Task objective: Pictures must not appear in the copy. Restate exactly the lines below from the one with "Sienna Platform Bed" through the one with "Luty Artes Crochet: blusas e boleros", inclusive.

Data provided:
Segment Open
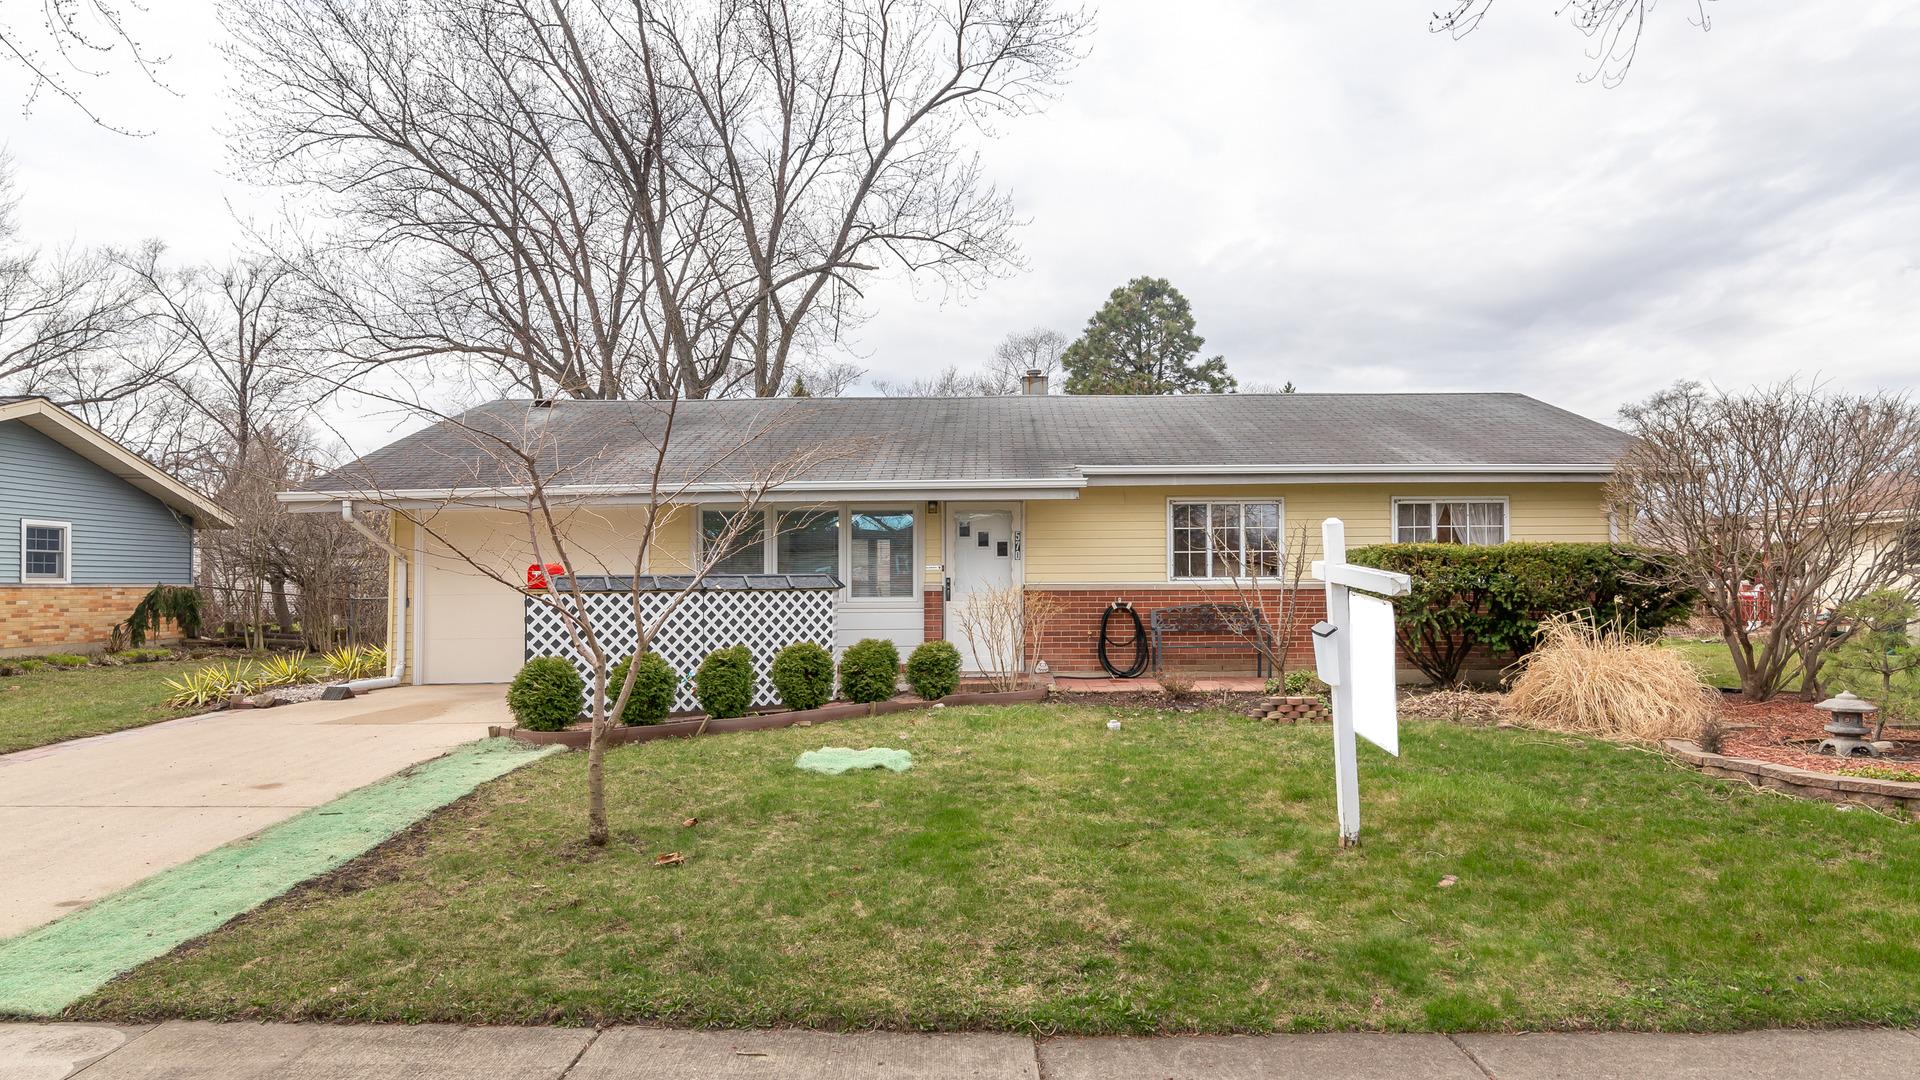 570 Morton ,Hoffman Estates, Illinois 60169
Segment Closed
Segment Open
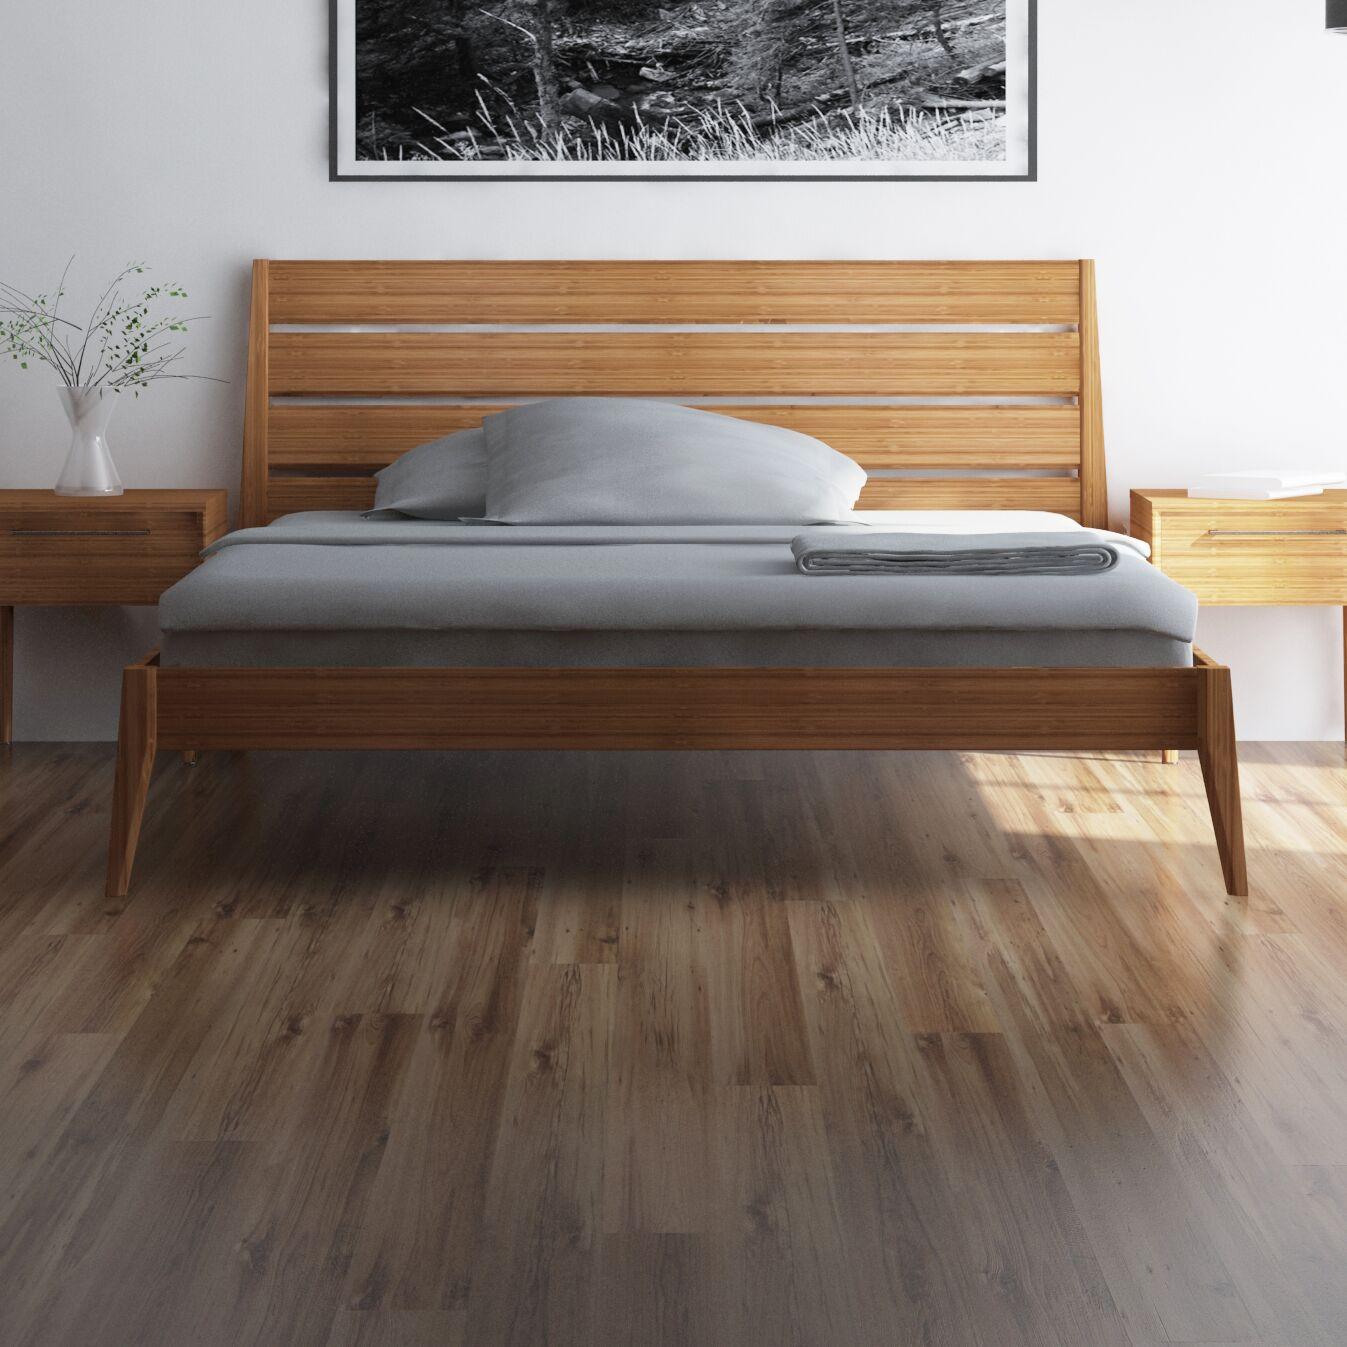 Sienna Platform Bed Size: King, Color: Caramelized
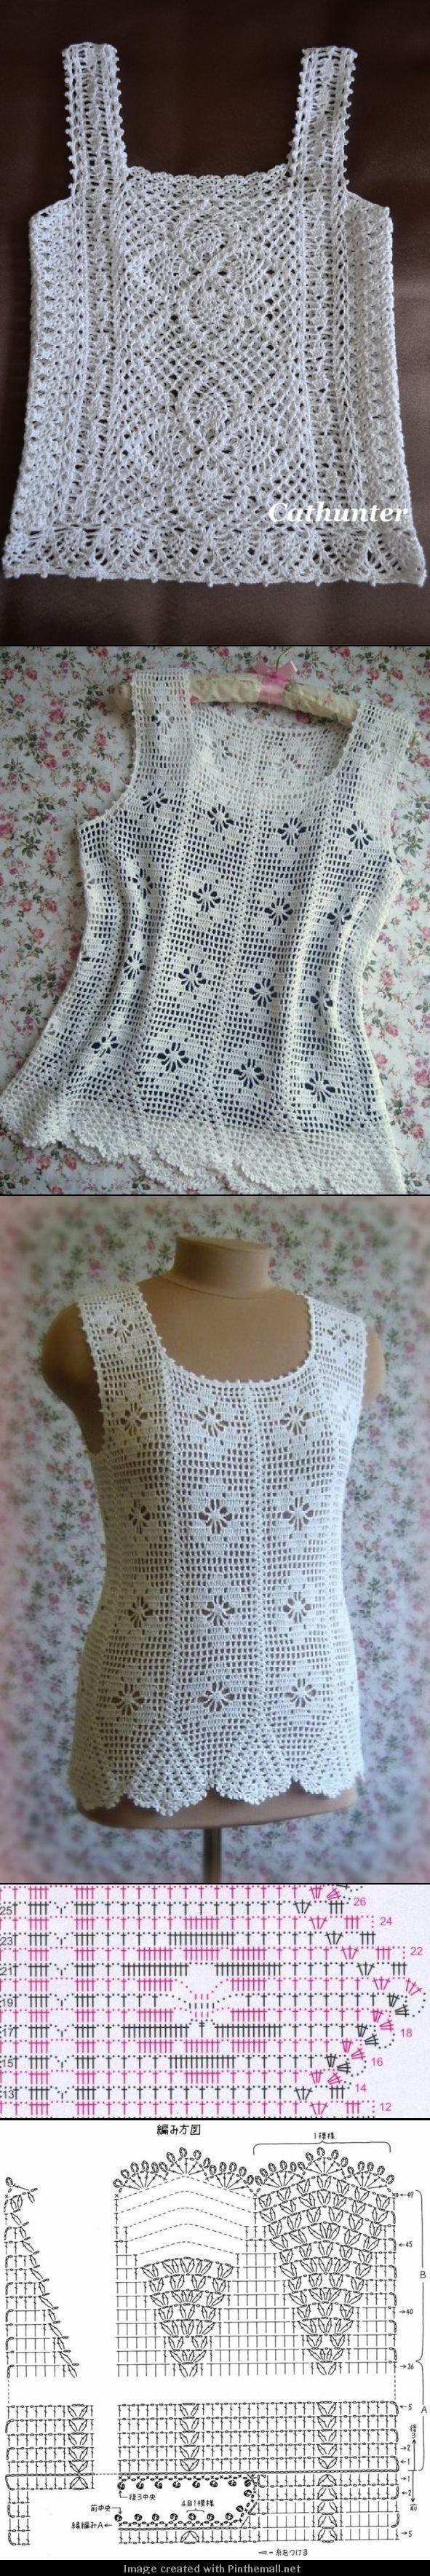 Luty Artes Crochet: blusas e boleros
Segment Closed
The answer:
 Sienna Platform Bed Size: King, Color: Caramelized
 Luty Artes Crochet: blusas e boleros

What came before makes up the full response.